Your flight price dropped after you booked — one of the most annoying things for a traveler. The good news is you're not always too late: in some cases you can claim the difference or rebook the ticket cheaper. Let's see what it depends on and how to act the right way.
🕒 The 24-hour free cancellation rule
Many people don't know that plenty of airlines allow free cancellation within 24 hours of booking. It's a strict law on U.S. flights (US DOT), but many major carriers (e.g. Lufthansa, Emirates, Qatar Airways) also offer this grace window voluntarily.
In practice that means: if the price drops within a few hours of buying, you can cancel the old booking and rebook cheaper. Always check the airline's exact policy before buying — not everyone offers this, and low-cost carriers often don't at all.
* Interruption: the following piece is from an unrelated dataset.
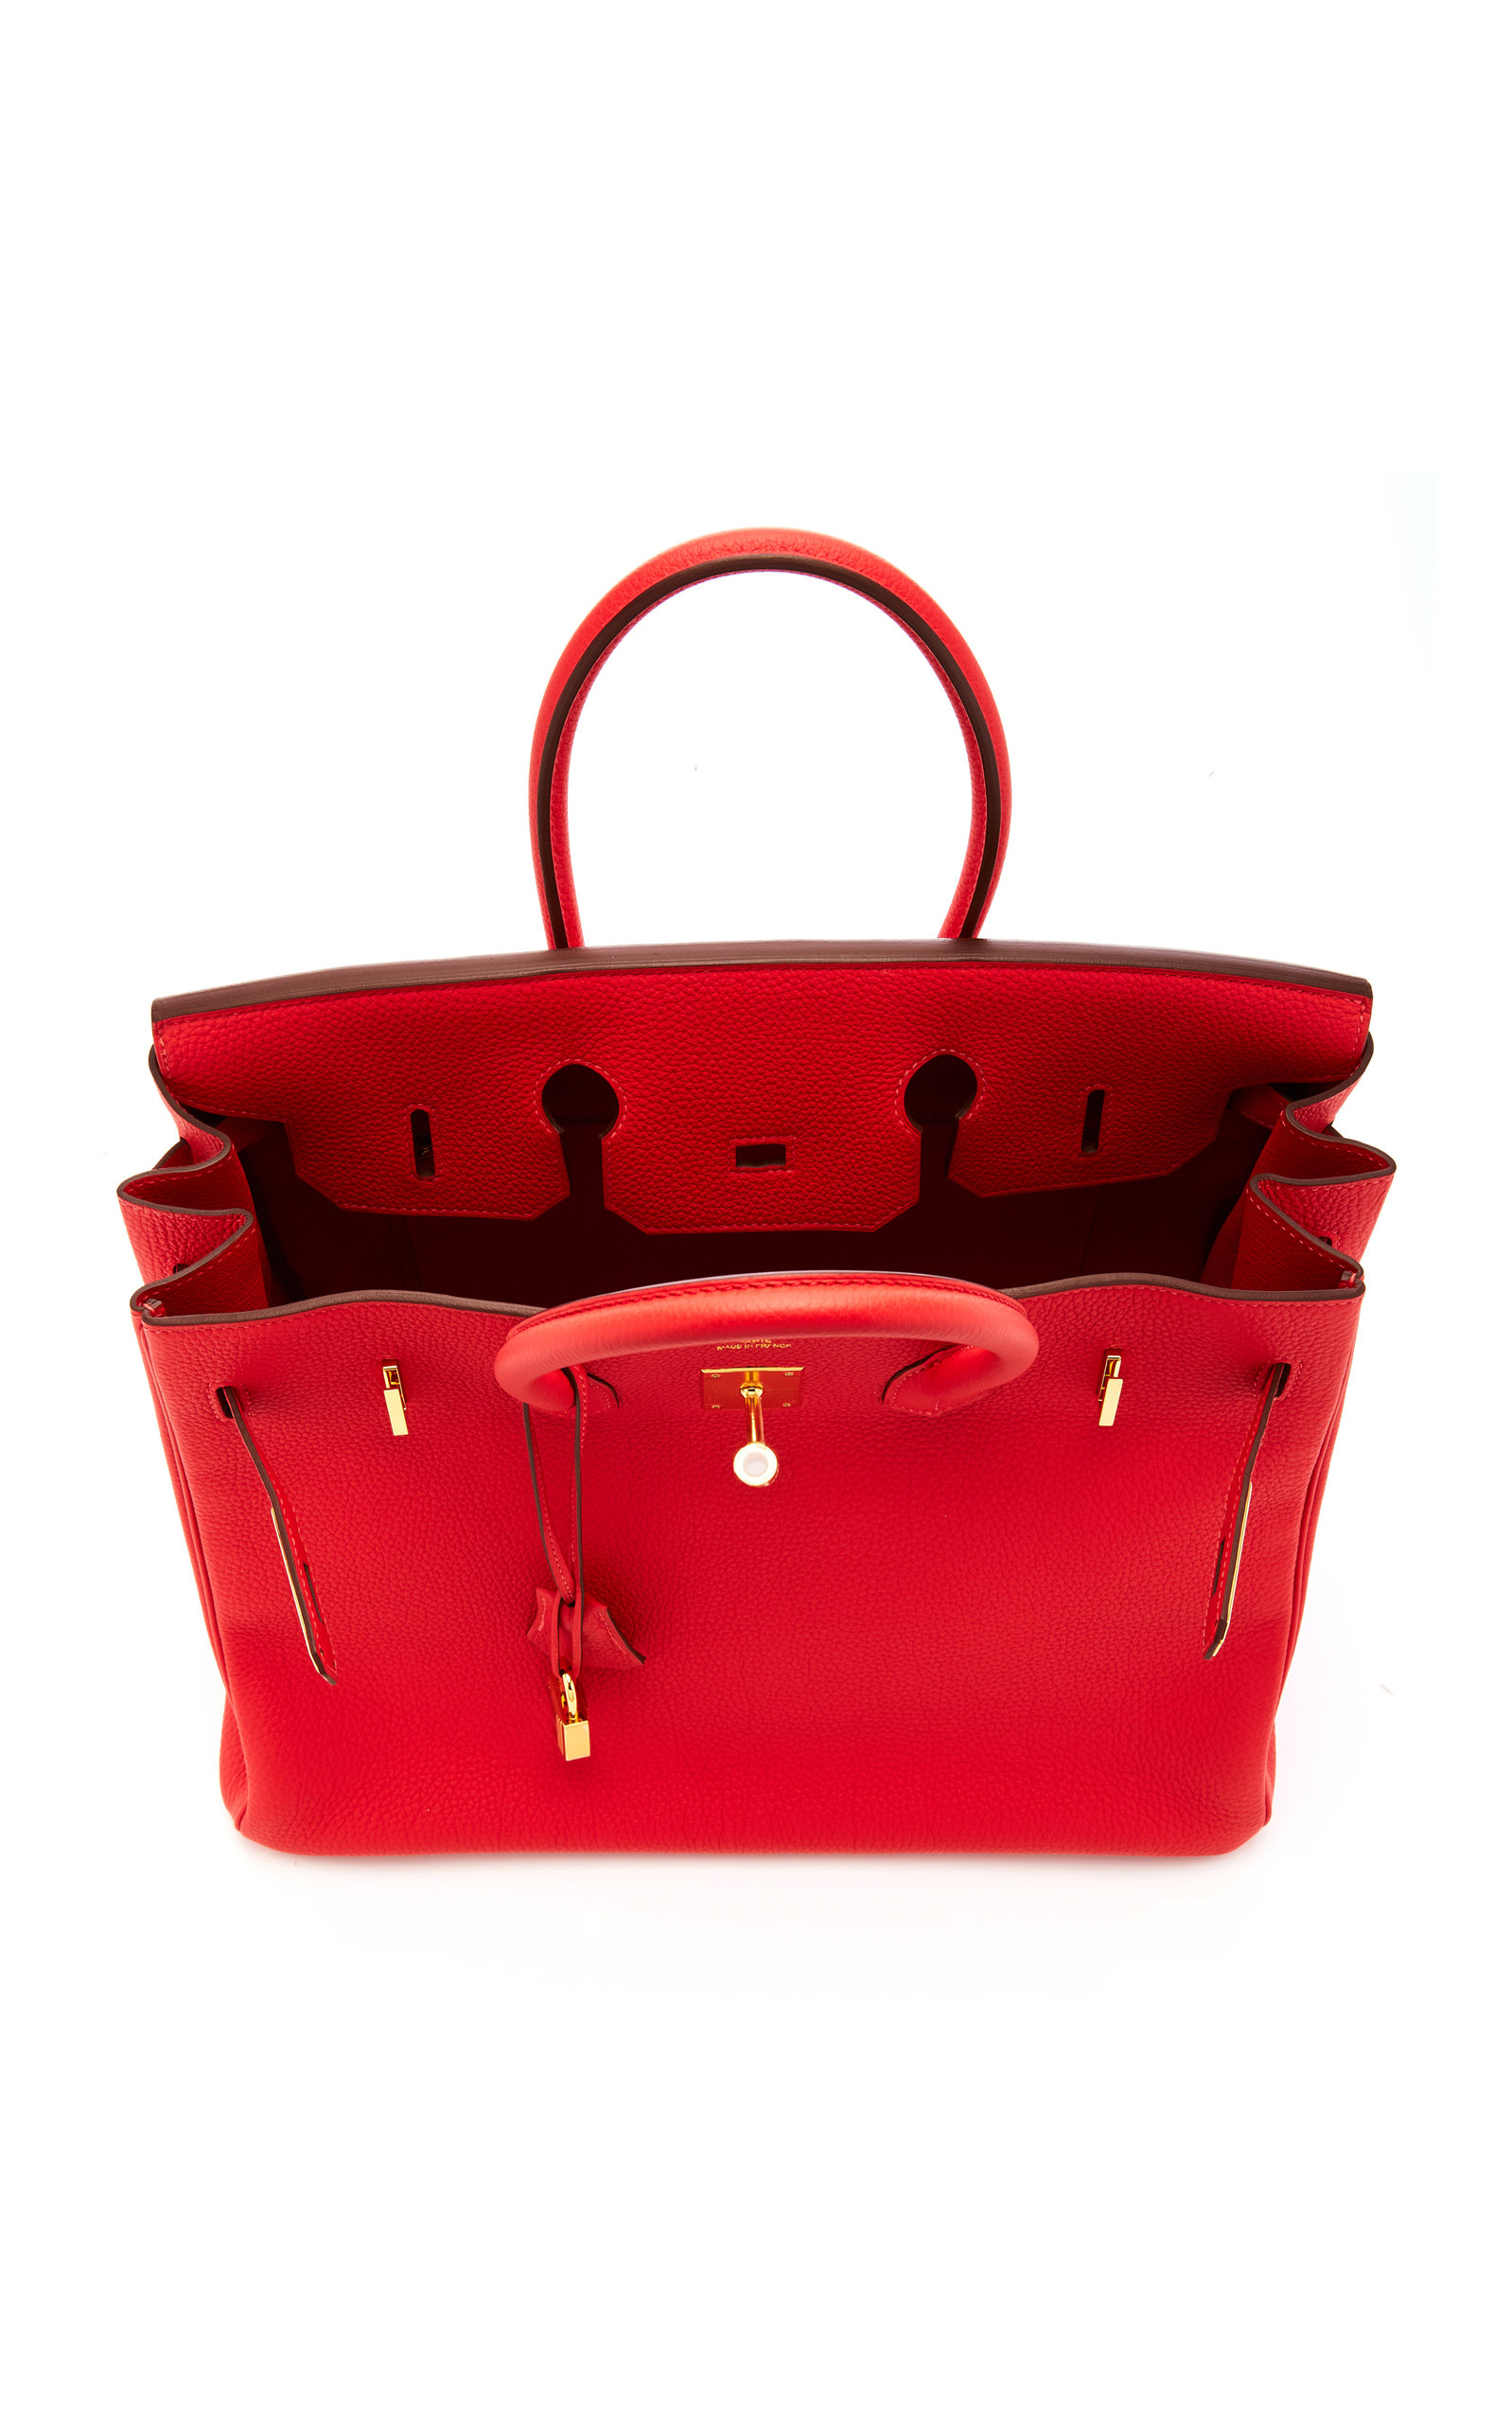 fb9cd4ba9024 ... AuctionsHermès 35cm Rouge Pivoine Togo Leather Birkin. CLOSE. Loading.  Loading. Loading. Loading. Loading

🎟️ Fare-difference refunds and vouchers
A full refund after 24 hours is rare, but some airlines offer a "price-drop" policy: if the fare on the same flight falls, they return the difference as a voucher (credit toward a future flight). This usually applies to flexible or premium fares, and almost never to basic fares.
If you get a voucher, note its expiry and conditions carefully — details are in the airline voucher and credit guide.
Fare class is decisive: a basic economy ticket almost never refunds, while a flex fare often changes for free. If the risk of price swings is high, a slightly pricier flexible fare can be worth it.
🧮 Cancel and rebook — when it's worth it
Sometimes it's better to cancel the old ticket and buy a new, cheaper one — but only when the money saved exceeds the cancellation or change fee. For example, if the price fell by $45 but the change fee is $55, rebooking is a loss.
Do the simple math: savings minus fee. If the result is positive and meaningful, act; if not, keep your existing ticket. With low-cost carriers, cancelling is almost always a loss because they don't refund the fare.
Before rebooking, go all the way through the new ticket (including baggage) and only then cancel the old one — don't end up with no ticket if the price changes before you finish buying.
🔔 How to avoid price-drop regret
- Buy at the right time — not too early, not at the last minute; see when to buy tickets
- Turn on price alerts for your route so you don't miss a drop
- Learn about fare-prediction tools to time your purchase
- Flexible dates are often cheaper — see flexible-date savings
- Add the route to your favorites on Travel365 — you'll get a notification when the price drops
🔎 Find a cheap date with Travel365
The best cure for price-drop regret is buying smart in the first place. The Travel365 price calendar shows the price for every day of the month by color: green days are cheap, red are expensive. Shifting by a day or two sometimes saves 30-50%.
Before buying, compare a few dates and destinations on flight search — that way you're far less likely to be caught out by "it was cheaper a while ago."
Check the return leg separately too — sometimes two one-way tickets are cheaper than one round-trip, and when the price drops you only change a single leg.